Вы находитесь на странице: 1из 1

ASCERTAINING THE WELFARE AND BEST INTEREST OF THE CHILD

If a child is under seven years of age, the law presumes that the mother is the best custodian. The
presumption is strong but it is not conclusive as it may be overcome by “compelling reasons.” If a child
is over seven, his choice is paramount but again, the court is not bound by the choice as the court, in its
discretion, may find the chosen parent unfit and award the custody to the other parent or even to a third
party as it deems fit under the circumstances. (Espiritu vs. Court of Appeals, G.R. No.115640, March
15, 1995)

ESPIRITU VS. COURT OF APPEALS


G.R. No. 115640; March 15, 1995
Melo, J.

FACTS:
This is a petition for review before the SC which seeks to review the decision of CA in reversing the
ruling of trial court in dismissing the petition for habeas corpus and in suspending Teresita’s parental
authority over Rosalind and Reginald and declaring Reynaldo to have the sole parental authority over
them.

At Pittsburg, Pennsylvania, petitioner Reynaldo Espiritu and respondent Teresita Masauding began with
a common law relationship. Their relationship gave birth to Rosalind, their daughter who was born on
August 16, 1986. When they were on vacation in the Philippines, they got married and upon returning
to the United States, their second child Reginald Vince was born. On January 12, 1988, their relationship
went sour and they decided to separate some time in 1990. Instead of giving their marriage a chance as
allegedly pleaded by Reynaldo, Teresita left him and the children and went back to California. Reynaldo
brought their children home to the Philippines but he was sent back by his company to Pittsburg. He had
to leave his children with his sister, co-petitioner Guillerma Layug. Teresita claims that she did not
immediately follow her children because she was afraid of being arrested since Reynaldo had filed a
criminal case for bigamy against her. In 1992, she returned to the Philippines and filed a petition for writ
of habeas corpus to gain custody over her children. Trial Court dismissed the petition and suspended
Teresita’s parental authority over her children. However, the Court of Appeals reversed the rulling of the
trial court.

ISSUE:
Whether or not Teresita should be granted parental authority over their children

HELD:
No. Teresita should not be granted parental authority over their children.
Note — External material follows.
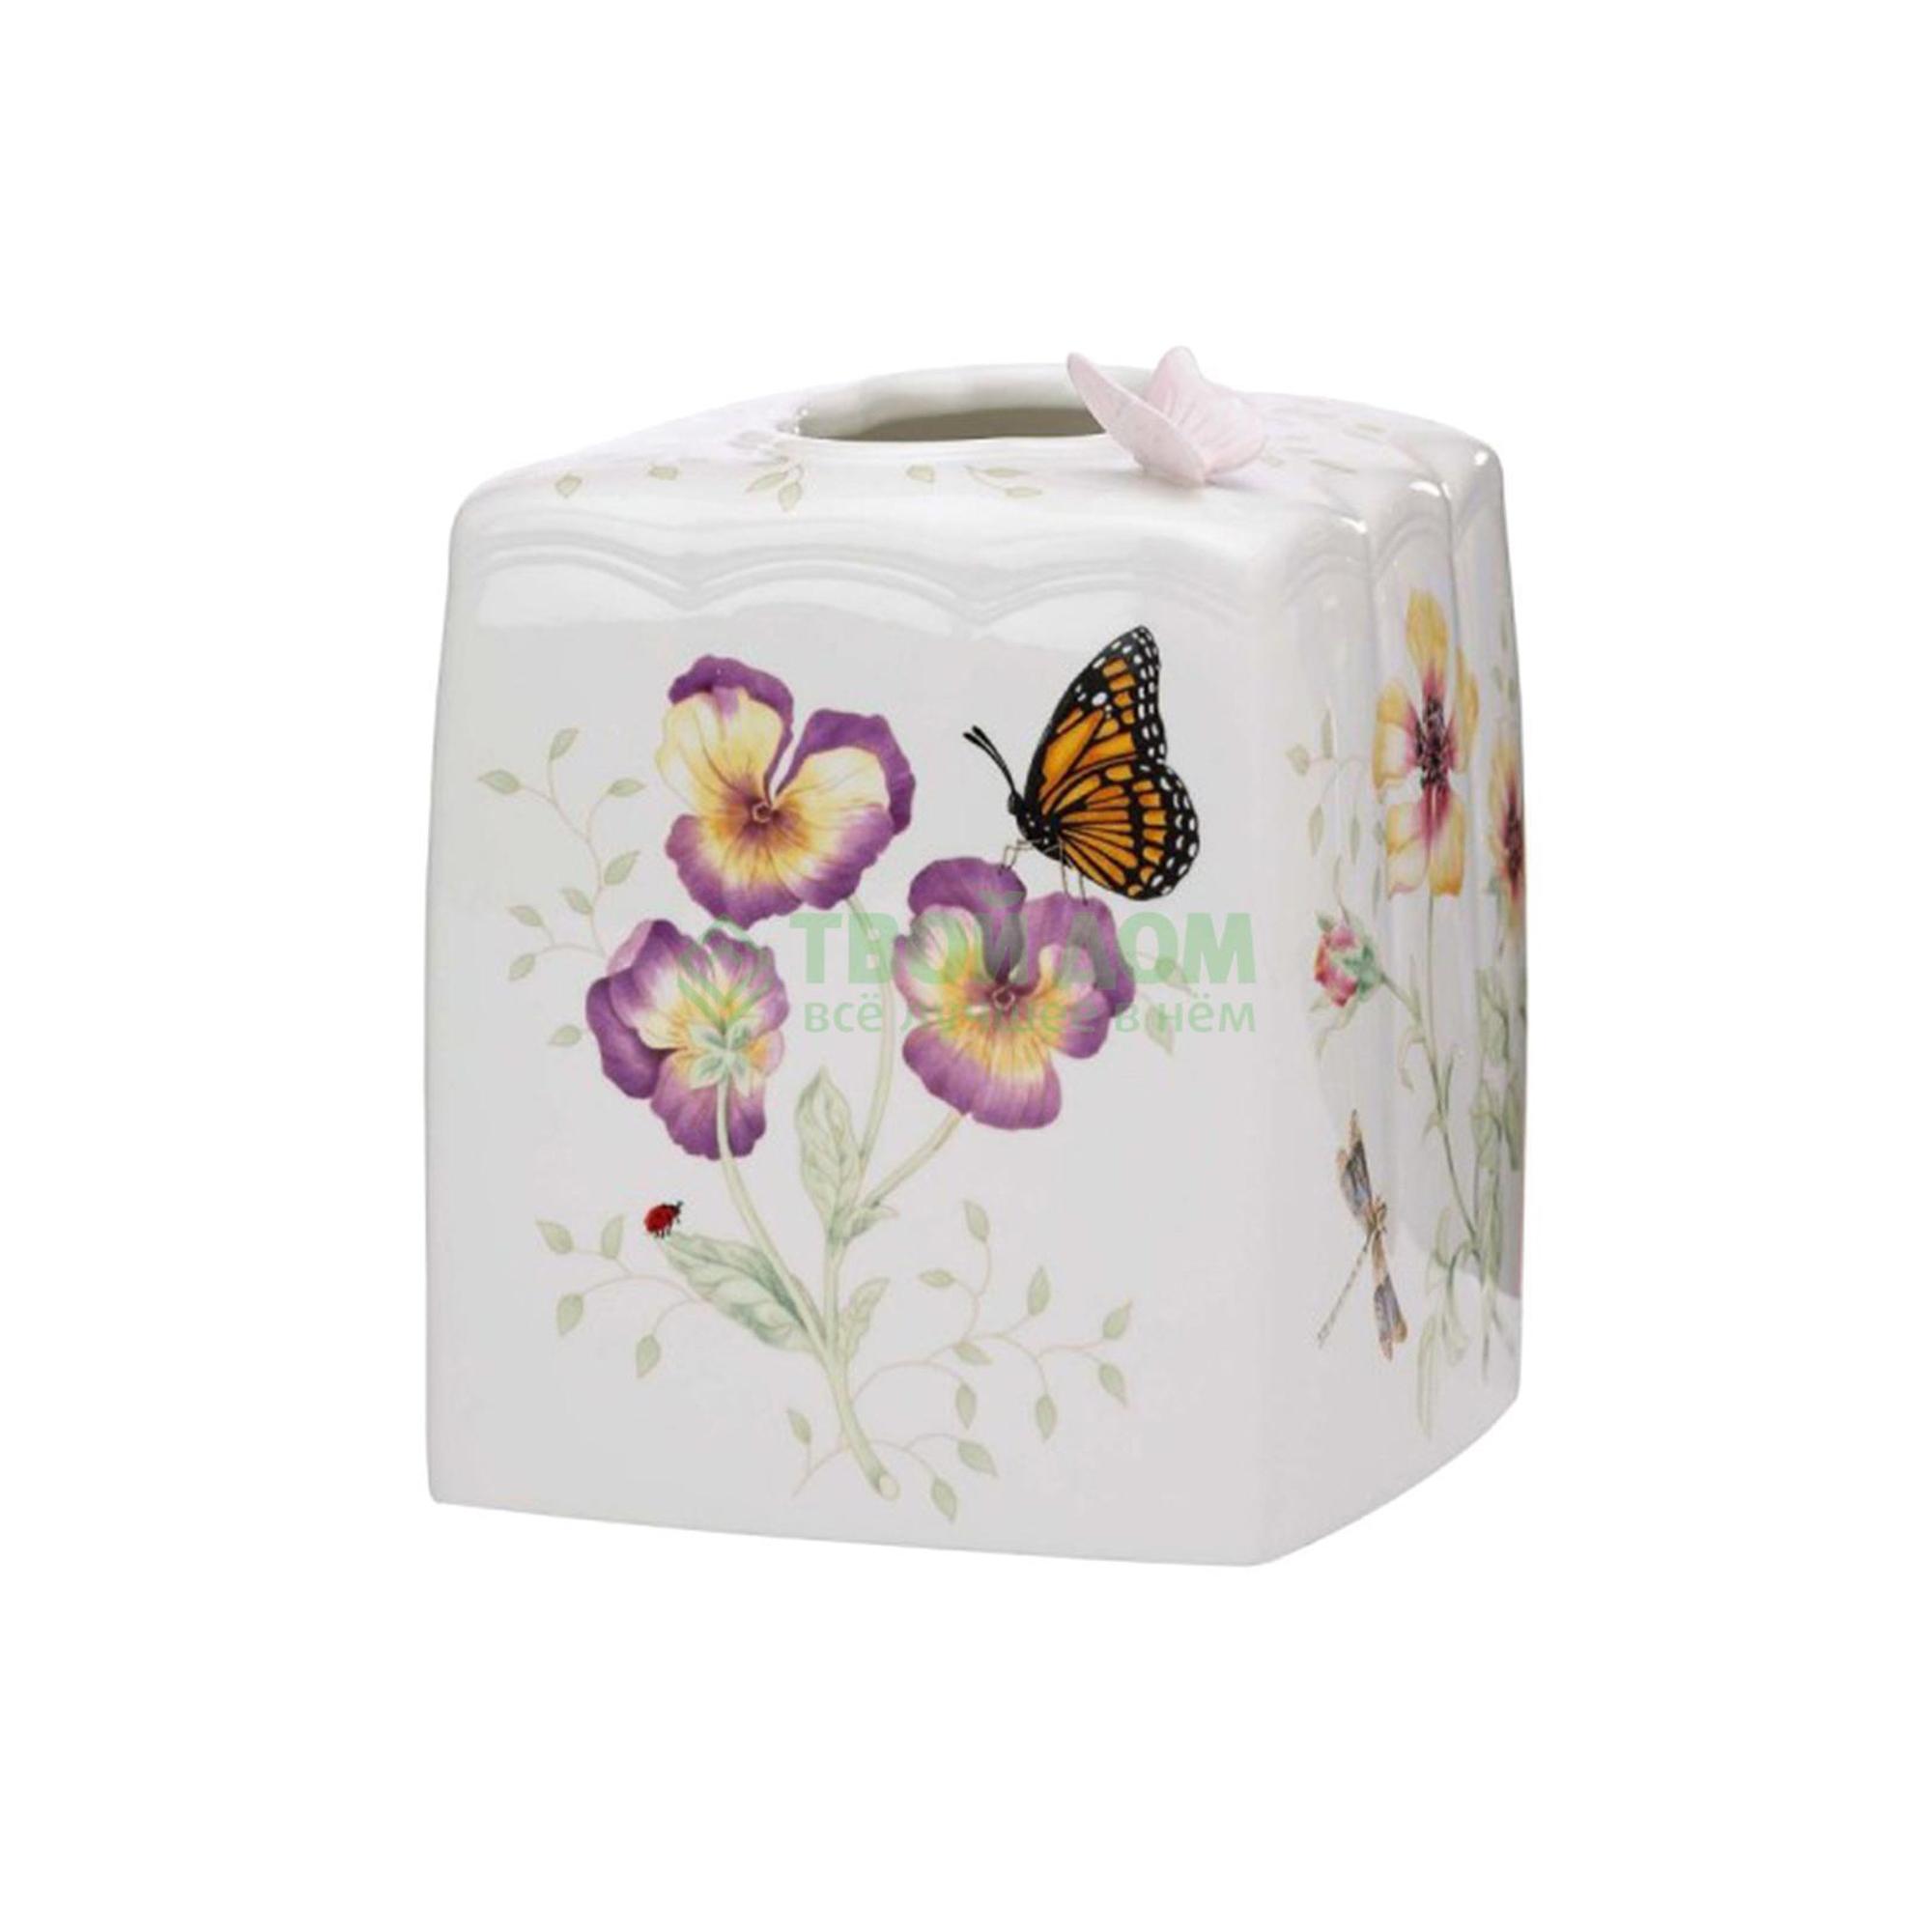 Держатель для салфеток Lenox подставка для салфеток 15 см бабочки на лугу (LEN773909)

Article 213 of the Family Code provides:


“In case of separation of their parents, parental authority shall be exercised by the parent designated by
the Court. The Court shall take into account all relevant consideration, especially the choice of the child
over seven years of age unless the parent chosen is unfit.”

The task of choosing the parent to whom custody shall be awarded is not a ministerial function to be
determined by a simple determination of the age of a minor child. Whether a child is under or even seven
years of age, the paramount criterion must always be the child’s best interest.

In ascertaining the welfare and best interest of the child, courts are mandated by the Family Code to
take into account all relevant considerations. If a child is under seven years of age, the law presumes
that the mother is the best custodian. The presumption is strong but it is not conclusive as it can be
overcome by “compelling reasons”. If a child is over seven, his choice is paramount but, again, the court
is not bound by that choice. In its discretion, the court may find the chosen parent unfit and award custody
to the other parent, or even to a third party as it deems fit under the circumstances.